Чтение кончилось, ученики подходят к профессору, теснятся около него, горячо благодарят его за труд! Профессор устал, устал естественно, от труда и умственного возбуждения. Яковлев также подходит и обнимает его, Михаил Васильевич улыбается ему и говорит: «До свиданья, до свиданья, приходите ко мне почаще; спасибо и вам за вашу игру в новой пьесе!» Но Михаил Васильевич не приглашает его остаться и пить. Уж поздно, все расходятся, и Яковлев сходит с лестницы вместе с учениками профессора. Они идут с ним рядом, шумно разговаривают между собою.

– Ведь вы актер Яковлев? – спрашивает один из них, застенчиво заговаривая с Яковлевым.

– Да, я актер Яковлев, – отвечает он, – рад познакомиться, к вашим услугам!

– Я вас видел на сцене в Шляхетском корпусе, – говорил ему молодой человек, – у меня есть там родственник, он провел меня на представление. Играете вы на диво!

– Познакомь и меня! И меня! – шепотом просят еще два ученика, шедших вместе с ними, и все подходят к Яковлеву ближе. – Имею честь кланяться! – говорят они, участливо глядя на него.

– Если б нам послушать вас где-нибудь! – говорят эти двое, не слышавшие его.

– Приходите ко мне на квартиру, я у себя дома прочту вам что-нибудь. Или, если хотите, я проведу вас за кулисы, вы всех увидите и услышите.

– Вот спасибо! Вот отлично! – раздаются восклицания около него.

– Славный малый вы, Яковлев, – говорит ему один ученик, обнимая его одною рукою на ходу! Другой дружески ударяет его по плечу.

– Вот профессор у вас славный! – говорит им Яковлев.

– Профессор наш – редкий человек, знаменитый ученый, – говорит один из учеников.

– Нет, он у нас просто диво какое-то! – восклицает ученик, который глядел так одушевленно во время чтения. – Он у нас чудище морское, о каких он сам говорит иногда. Ведь подумать только: откуда взялся такой ученый! Из архангельской деревни, у мужичка в избе родился. А заговорит – так перед вами горы двигаются, трава растет, гром слышен из тучи!.. Как наслушаешься его, так после посмотришь вокруг себя и понимаешь, что все живет вместе с тобою да и сам ты не мог бы жить без всего этого, что живет вокруг тебя. Вот он у нас какое чудо!

Так наивно и странно высказал ученик свое глубокое удивление к таланту профессора и вызвал веселый смех двух остальных товарищей.

– Весело как на душе, когда его послушаешь; я бы запел теперь что-нибудь погромче! – продолжал ученик, восхвалявший профессора.

– Что ж, запоемте хором! – подхватили другие.

– Пожалуй, пожалуй, – говорил Яковлев, заражаясь их весельем. – Вот я начну, а вы за мною…

И русская песня громко раздалась в темных улицах города. Ученики взяли Яковлева под руки и шли вместе, с веселой песней, пока не выдвинулись на освещенную хотя и мутным фонарным светом улицу, где их окликнул сторож.

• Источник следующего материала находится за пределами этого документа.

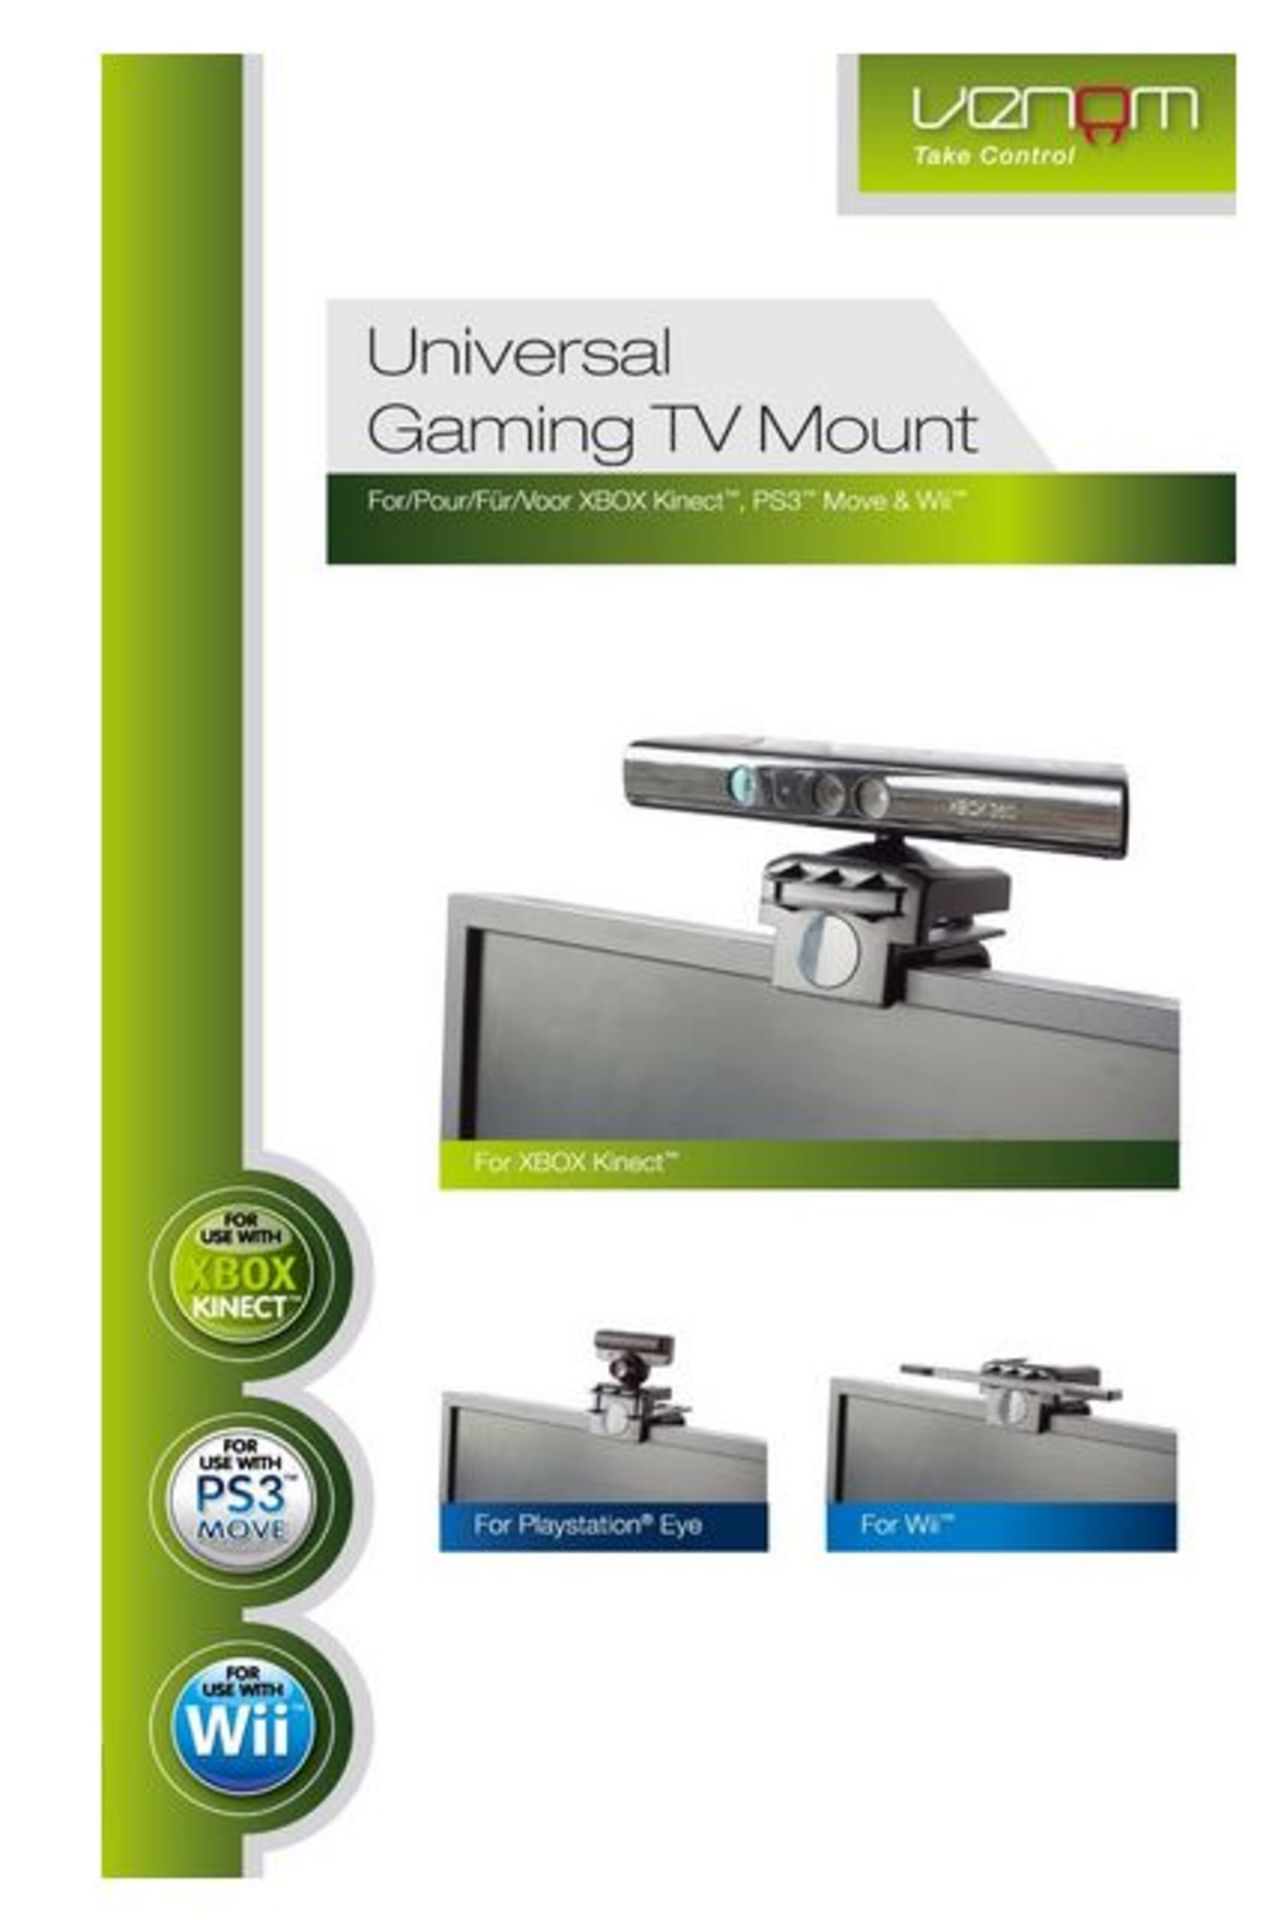 Lot of 50 Units-Universal Gaming TV Mount (Xbox 360/PS3/Wii)

– Кто тут орет по ночам! Говори кто? Перепились, что ли?

– Убежим, надо бежать, чтоб еще не взяли! – говорили притихшие ученики академии. – Прощай, Яковлев! – и свернув в сторону, они исчезли в темноте ближайшей улицы. Только третий из них оставался и убеждал Яковлева бежать с ним. Яковлев не счел это нужным.

– Бегите одни, – сказал он. – До свиданья, приходите же к Яковлеву!

Сторожа подходили ближе, все окликая шумевших тут.

– Кто такой? – спрашивал один из них Яковлева.

– Актер Яковлев, – ответил он, – я завтра должен играть на придворном ее величества театре.

– Комедиант, значит, – вдумчиво проговорил сторож. – Так ты днем представляй, а по ночам не ори, не мешай другим спать! – прибавил он внушительно.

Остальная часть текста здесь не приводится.